Tuesday, February 28, 2006

The Homeless: Postscript

As a postscript, I want to address an issue that is currently in the media because of A Million Little Pieces by James Frey. Some may read the past few entries with a jaundiced eye because of the fraud committed by Frey. And rightly so.

What I have presented here is one-sided based on recollections and feelings. I have tried to be honest and true to what happened during those months on the street. Yet what I have to say is filtered through the lens called Louis C. Vroomen. It should be taken with a grain of salt.

My goal was not to present a complete history but to present issues I dealt with and saw when I was on the street. I tried not to sensationalize incidents or emotions. But the mind is selective and murky.

What I want is to let people see the homeless as people not things. Many have problems which need to be addressed yet few people are doing so. And those that find themselves swamped.

The average person has no idea of the obstacles the homeless face and I hoped I have addressed some of them. Enough to educate a little.

When I went onto the streets in October 2003, I was a fractured person. I still am but starting to put the pieces together. I was lucky. But there are many out there who are not so lucky.

They have been damaged for many different reasons. Each homeless person is a story onto him/herself. Yet once you become homeless, a stigma becomes attached to you. Something that is difficult to removed

And it follows you. People are incredulous when they find out I’ve been homeless. Yet what they see is the outside Loekie, not the inside Loekie. At work, I have one mask and while I am at Brutopia, I have another. But here, instead of a solid mask, I am trying to present a translucent mask. There are areas of me I have hard enough time revealing to myself, let alone anyone else.

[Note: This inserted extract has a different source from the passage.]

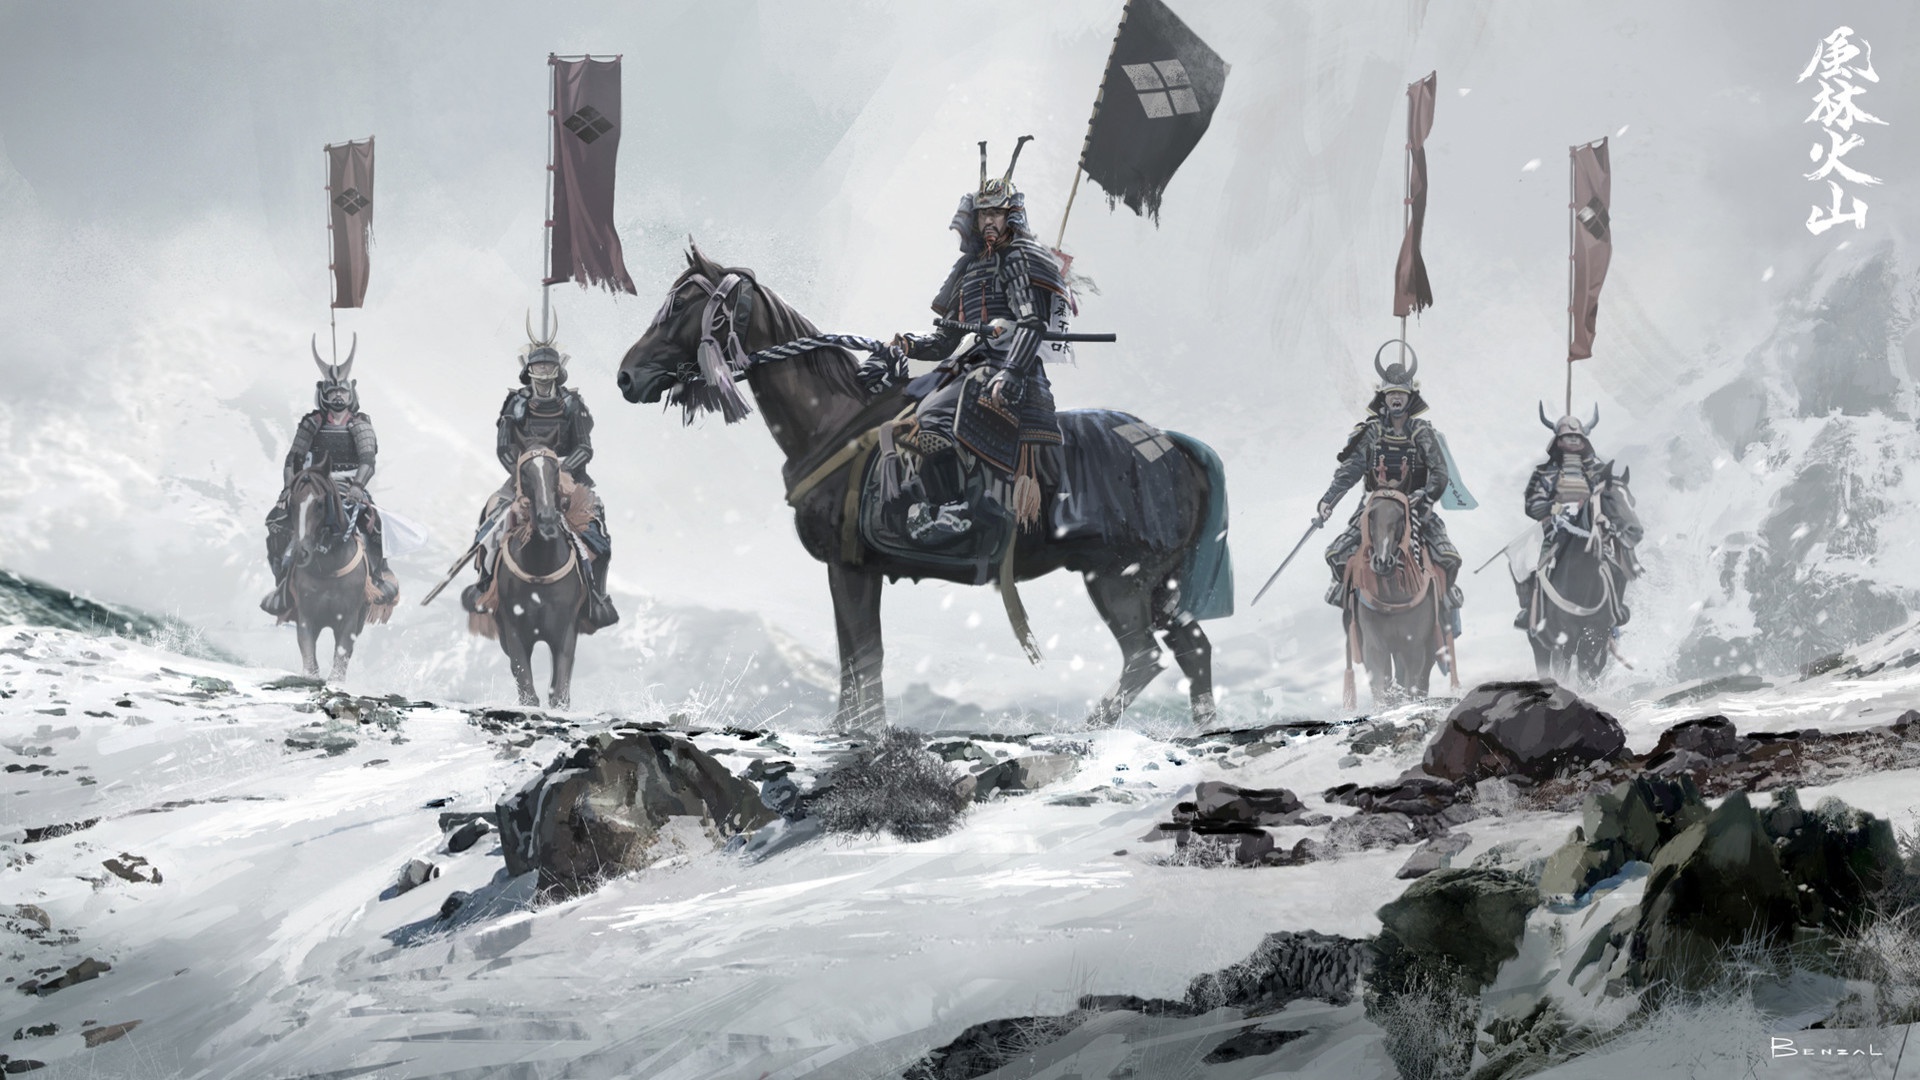 General 1920x1080 fantasy art samurai artwork horse snow mountains banner David Benzal

My goal, the past while, was to scratch the surface on the issue of the homeless. It was meant to be one post but grew. And now, maybe I can go back and make it into some sort of article or short book for publication. It may start like:
As I walked through the doors of the Place D’Armes Metro, I thought I had hit rock bottom. If I had a sense I was just starting, I would not crossed an empty parking lot to the awaiting squat, non-descript gray five story building.

Before I leave, I want to spend another couple of words on me and then back to the subject at hand.

This long piece has made me stop and realize what strides I have taken over the past couple of years. When I left the OBM in July 2003, I was embarking on reconstructing my life. The past couple of years I have screwed up badly but have been able to continue on. It has been tough but I found out I am made of stern stuff than I thought. I am still a work in progress, with a long way to go.

I made it out. One of so many who do not. One place the average person can help is trying to be there for the homeless. Ignore the stigma, look at a homeless person as a person, not a thing. Go out there and do something for them.

There are good, honest people out there that are trying to help. There is a place in Verdun, Oasis, run by Penny who has a great heart. But it is tough meeting the needs of so some and having a few that are willing to help out. And some of the volunteers are going it out a sense of duty, Christian duty. They are not doing it because they really want to help.

And the people who come to Oasis sense this. You can tell when people are there because they really wish to make a difference. I’ve been there a couple of times, helping out and saw that.

Giving a quarter or dollar every so often can help, yet that is a short term solution. But what the homeless really need is people out there helping out. Be it serving a hot meal in a soup kitchen with a genuine smile or organizing a food drive in April to give canned goods to the shelters that need it. And as I suggested before, just smiling and acknowledging a homeless person can do wonders.

Throwing money at the problem is not going to solve it. People need to see the homeless in a different light. Then it may be easier for them to get a job, get an apartment, move from the life on the street to being part of society again, not on the margins.

But in the end, I ask the question to those that give money to the homeless, especially at Christmas: why are you doing it? Is it for you or them?